Neonatal Hypocalcemia

Background

• Neonatal hypocalcemia is a serum calcium level below the lower limit of normal during the newborn period, typically defined as the first 28 days of life.
• Common cutoffs are:
  • in term neonates - total calcium < 8 mg/dL (2 mmol/L) or ionized calcium < 4.8 mg/dL (1.2 mmol/L)
  • in preterm neonates - total calcium < 7 mg/dL (1.75 mmol/L) or ionized calcium < 4 mg/dL (1 mmol/L)
• Clinical presentation
  • Neonatal hypocalcemia may be asymptomatic and detected on screening of at-risk infants or on blood testing for other reasons.
  • Symptoms, if present, may range from mild to life-threatening. Common findings include jitteriness, tetany, vomiting, seizures, apnea, stridor, wheezing, and prolonged QT interval.
• Neonatal hypocalcemia can present soon after birth, or later in the neonatal period, and may be transient or persistent.
  • Hypocalcemia presenting in the first 48 or 72 hours of life is considered early-onset neonatal hypocalcemia, and is usually related to pregnancy, delivery, or early postnatal management.
    • It is often associated with prematurity, intrauterine growth restriction, perinatal stress/asphyxia, and maternal diabetes.
    • It is usually asymptomatic, and often resolves with brief calcium therapy.
  • Late-onset neonatal hypocalcemia is less common, and is often due to a genetic disorder, maternal factors, or iatrogenic causes. It is usually symptomatic, and may be transient, prolonged, or permanent, depending on the underlying cause.
• Causes of neonatal hypocalcemia include high phosphorous-containing formula, hypoparathyroidism, vitamin D disorders, hypomagnesemia, renal insufficiency, and pseudohypoparathyroidism.

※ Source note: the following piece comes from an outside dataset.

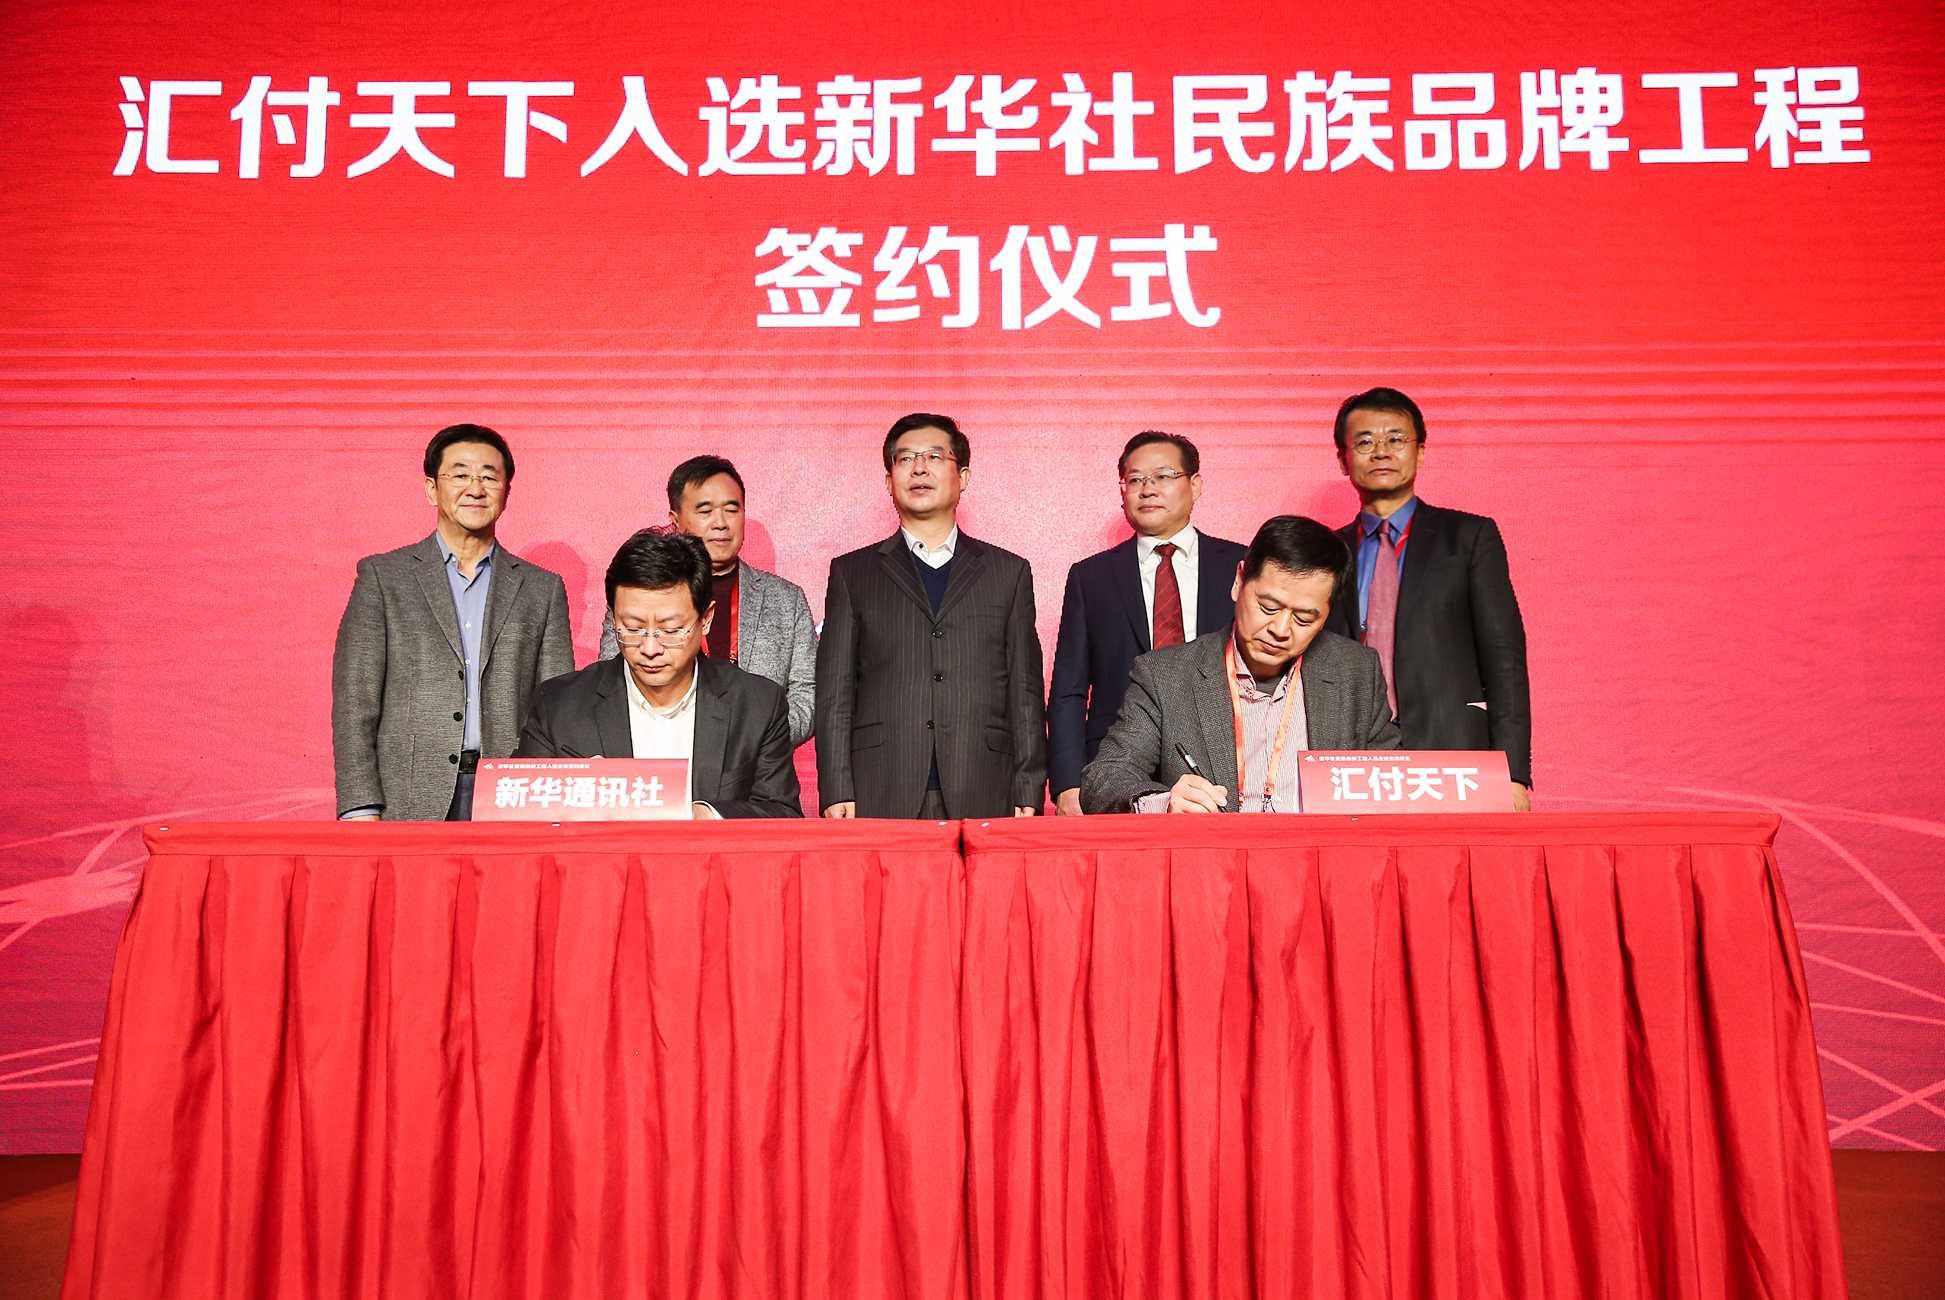 汇付天下有限公司董事长兼CEO周晔、新华社新闻信息中心主任储学军代表双方签约。

Iatrogenic causes include medications, phototherapy, blood transfusions, and other interventions during the neonatal period.

Evaluation

• Perform a thorough history and physical exam.
• Measure serum calcium to confirm hypocalcemia.
  • Ionized serum calcium is preferred.
  • If using total calcium, consider measuring albumin and correcting total calcium for hypoalbuminemia.
• Perform additional testing to determine the underlying cause if hypocalcemia persists despite adequate calcium therapy, and consider additional testing in any infant with late-onset neonatal hypocalcemia.
  • Consider the following additional blood tests:
    • parathyroid hormone (PTH)
    • phosphate
    • blood urea nitrogen (BUN)
    • creatinine
    • magnesium
    • alkaline phosphatase
    • vitamin D (25-hydroxyvitamin D, 1,25-dihydroxyvitamin D)
  • Consider maternal blood testing if the etiology of an identified cause is unclear.
  • Consider further testing based on blood test results, for example
    • urine creatinine, calcium, and magnesium levels
    • imaging
    • electrocardiogram (ECG)
    • genetic testing

Management

• Start calcium therapy.
  • Initial treatment
    • For symptomatic neonatal hypocalcemia:
      • give 2 mL/kg of 10% calcium gluconate diluted 1:1 with 5% dextrose by slow IV bolus under cardiac monitoring
      • follow bolus with 80 mg/kg/day of elemental calcium (8 mL/kg/day of 10% calcium gluconate) by continuous IV infusion for 48 hours
      • for treatment-refractory hypocalcemia associated with hypomagnesemia, give 0.2 mL/kg of 50% magnesium sulfate by deep intramuscular injection for 2 doses 12 hours apart, followed by oral magnesium supplementation
    • For asymptomatic neonatal hypocalcemia:
      • give 80 mg/kg/day of elemental calcium IV (continuous infusion preferred) or orally (if tolerating feeds) for 48 hours
  • If serum calcium is normal at 48 hours, continue calcium therapy at 40 mg/kg/day of elemental calcium for 24 hours.
  • If above therapy fails to achieve or maintain normal calcium level, perform additional testing to identify the underlying cause.
• Provide additional treatment as needed based on the underlying cause.
  • For hypoparathyroidism and pseudohypoparathyroidism:
    • give oral calcium and vitamin D supplementation
    • synthetic PTH may be considered if calcium and vitamin D supplementation fails to maintain normocalcemia without hypercalciuria
  • For hypomagnesemia, give oral magnesium supplementation.
  • For vitamin D disorders, give oral vitamin D supplementation.
    • Use ergocalciferol (vitamin D2) or cholecalciferol (vitamin D3) for vitamin D deficiency.
    • Use calcitriol or alfacalcidol for disorders of vitamin D metabolism or vitamin D resistance.